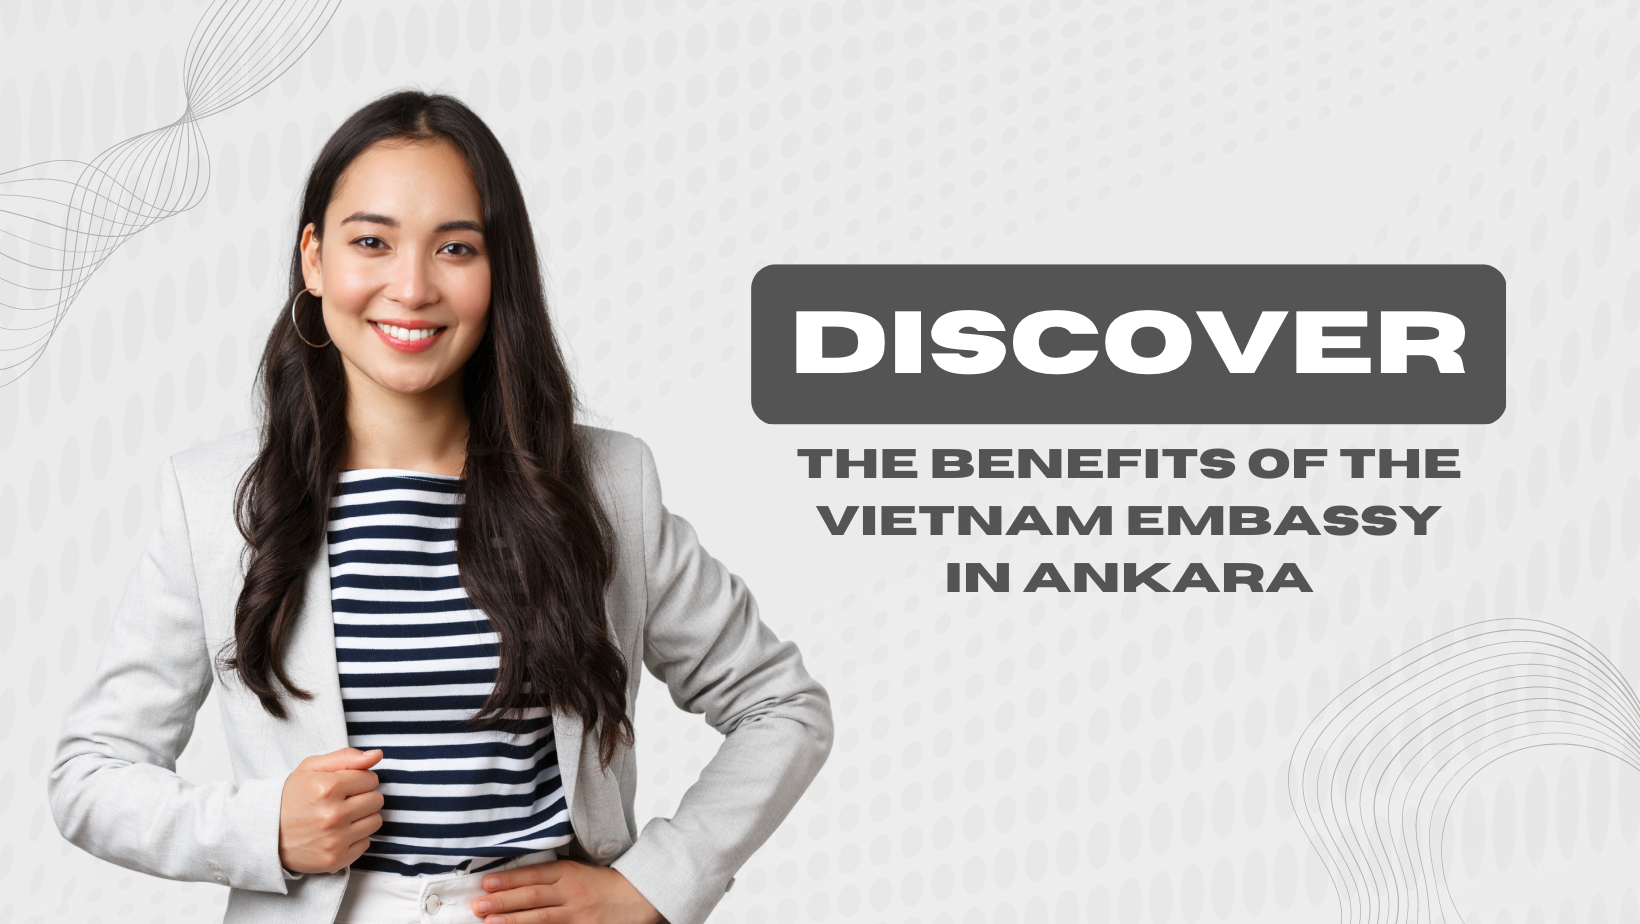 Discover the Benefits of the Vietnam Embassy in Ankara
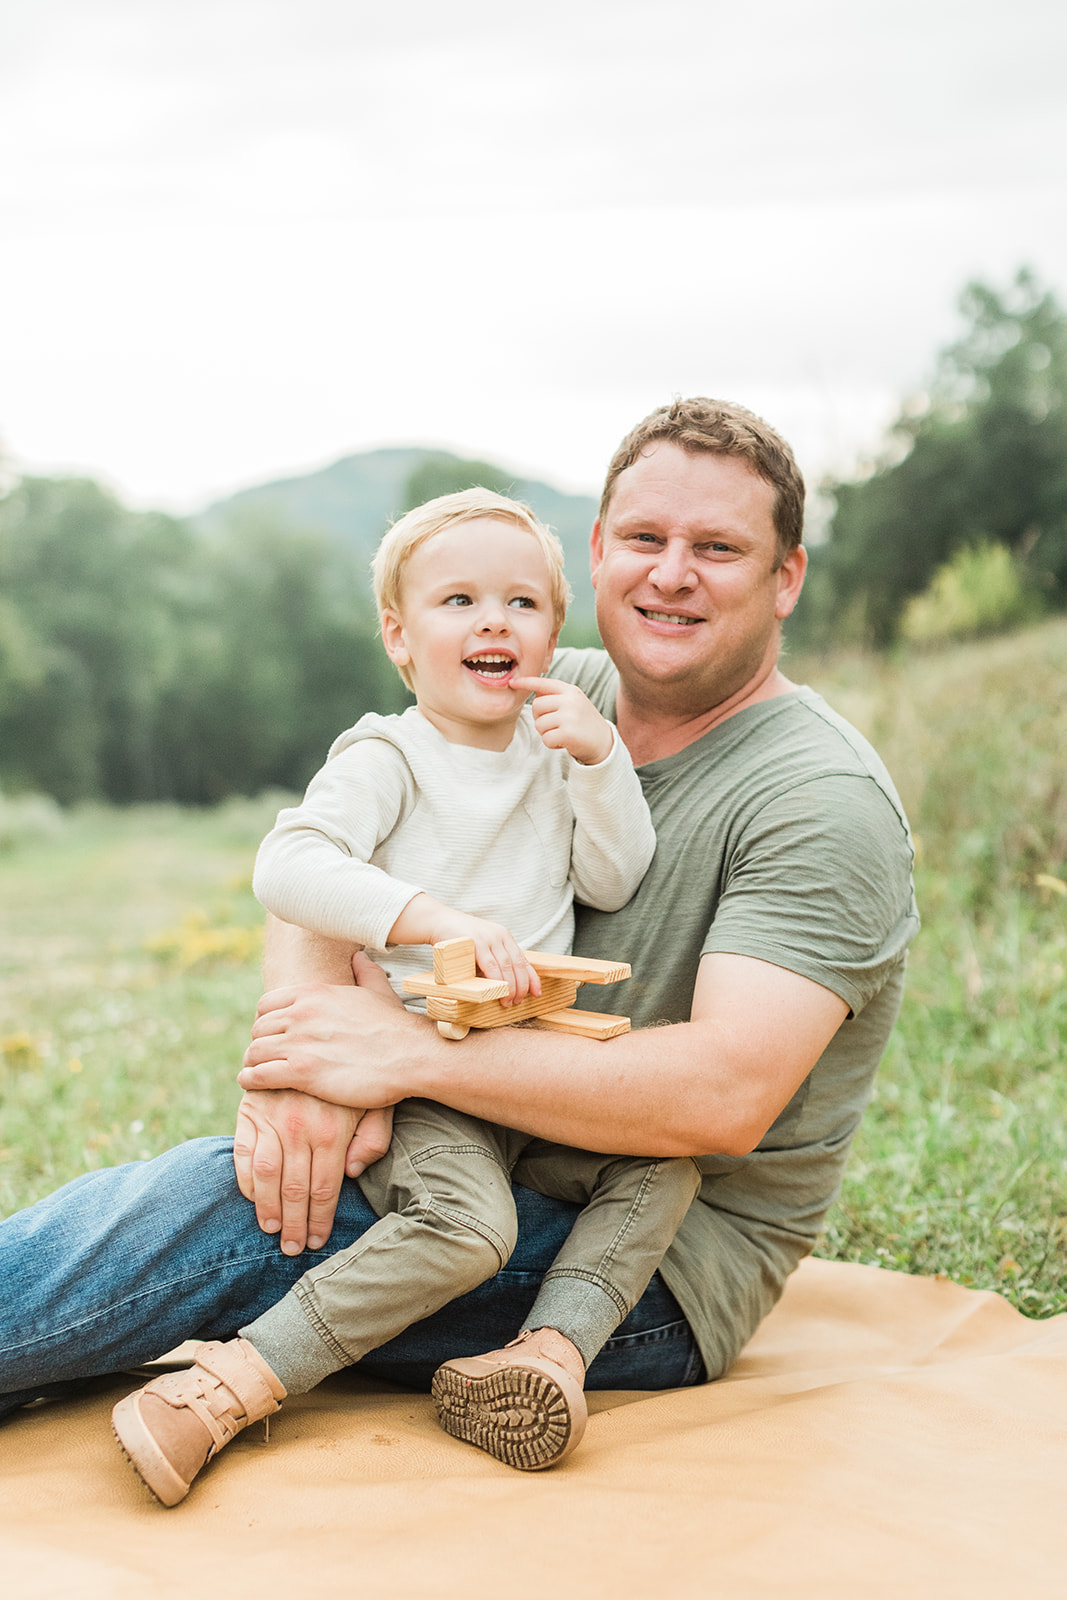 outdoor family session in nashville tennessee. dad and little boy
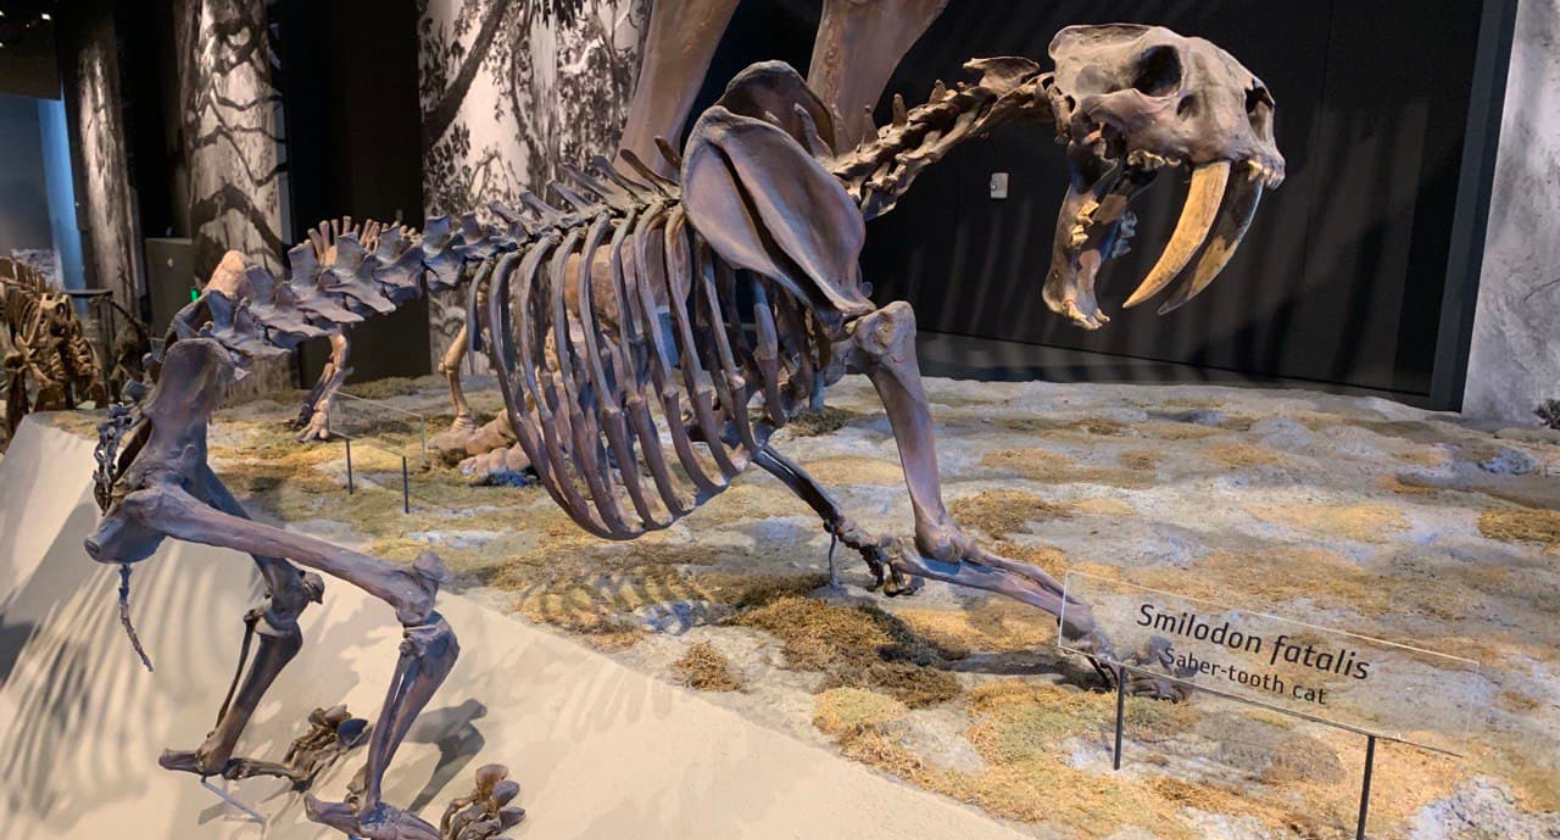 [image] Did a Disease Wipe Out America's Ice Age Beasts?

=====

From the first line to the last, return the material above exactly, apart from the pictures.

* **Task solution**:
 Discover the Benefits of the Vietnam Embassy in Ankara
 outdoor family session in nashville tennessee. dad and little boy
 [image] Did a Disease Wipe Out America's Ice Age Beasts?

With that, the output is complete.